# Dacia Logan



## e.biemold (Jul 11, 2003)

Pictures of the new Dacia Logan have officially been released. The car will be produced in Rumania. In 2005 they expect to produce 200.000 of them The car will mainly be sold in Russia and other East European countries. The car will cost between 4000 and 6000 dollars. The car will have a 1.4 liter engine with 75bhp or an 1.6 liter engine with 90bhp.


----------



## Hercules (Jul 15, 2002)

Looks like a Geo Metro of yesteryear :\


----------



## Alex Baumann (Dec 19, 2001)

Wow, looking pretty good. Compared to the old Dacias of the 80s, it's a huge improvement. I wonder if they are still using a Renault engine.


----------



## Desertnate (Mar 11, 2002)

Hercules said:


> Looks like a Geo Metro of yesteryear :\


Hmmm....

I was thinking more Dawoo meets Alfa Romeo


----------



## Alex Baumann (Dec 19, 2001)

Just came in the news. They are going to use Renault engines.


----------



## gojira-san (Mar 1, 2004)

Yeah it looks pretty modern.

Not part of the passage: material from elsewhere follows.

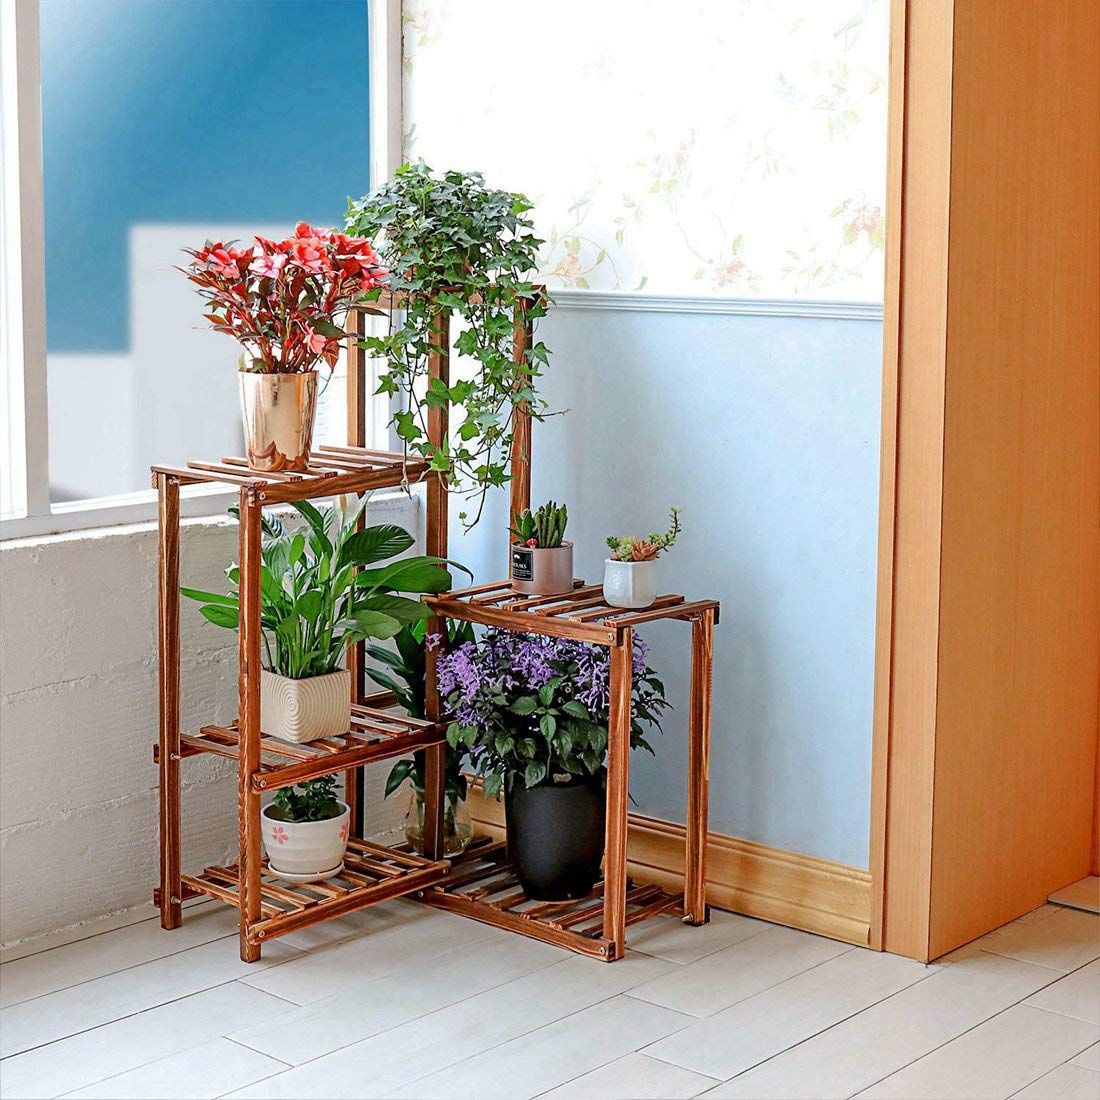 2 Tier Wood Plant Stands Flower Pot Shelf Rack Holder Indoor Outdoor for Corner
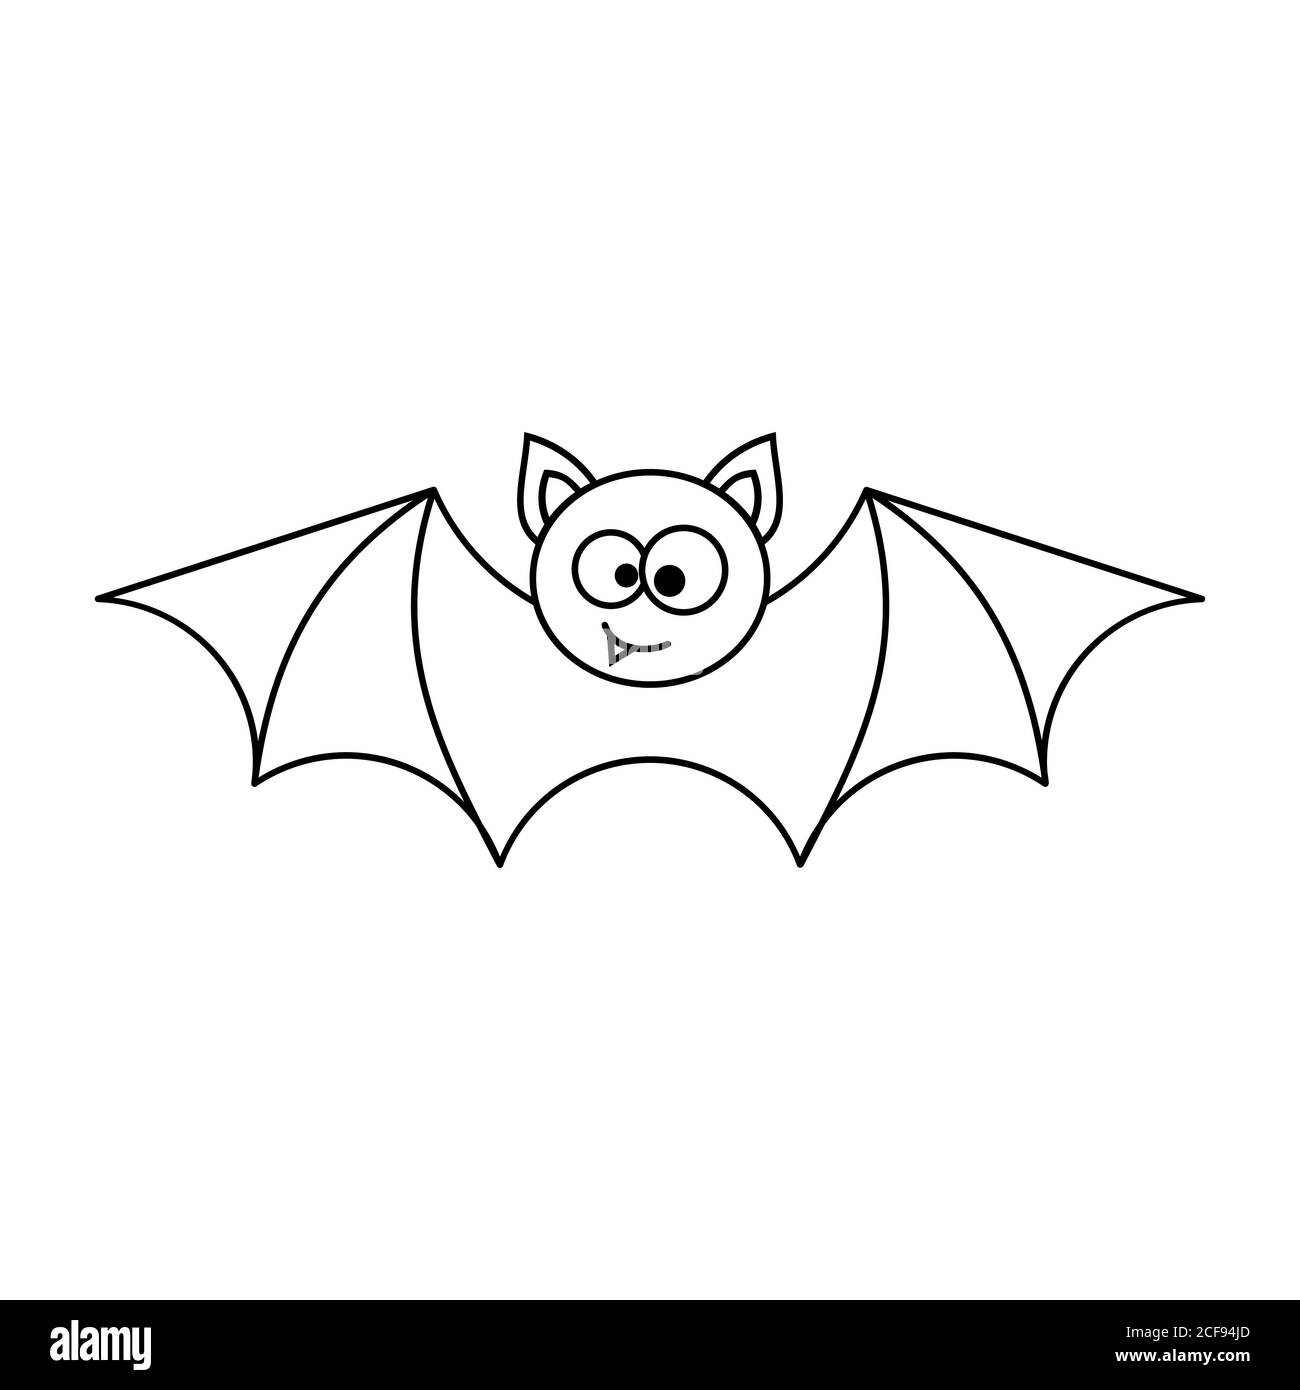 Simpatico pipistrello di Halloween. Doodle illustrazione di un pipistrello  sorridente. Pipistrello con ali spalmabili e viso divertente. Concetto di  Halloween felice. Contorno nero su bianco Immagine e Vettoriale - Alamy

The nose looks Acura-ish even. 

But "Dacia Logan"... sounds like a porn starlet's name... :rofl:


----------



## Betcour (May 23, 2003)

Alex Baumann said:


> Just came in the news. They are going to use Renault engines.


Apparently the plan is to make a cheap but "modern" (not 80s equipment) car - it will have stuff like airbags or ABS. Also it's supposed to be robust and simple (and hence cheap) to fix and maintain.


----------



## London Talking (Mar 1, 2003)

gojira-san said:


> Yeah it looks pretty modern. The nose looks Acura-ish even.
> 
> But "Dacia Logan"... sounds like a porn starlet's name... :rofl:


I only clicked on this lthread, because I actually thought it was going to revolve around a porn star

No joke


----------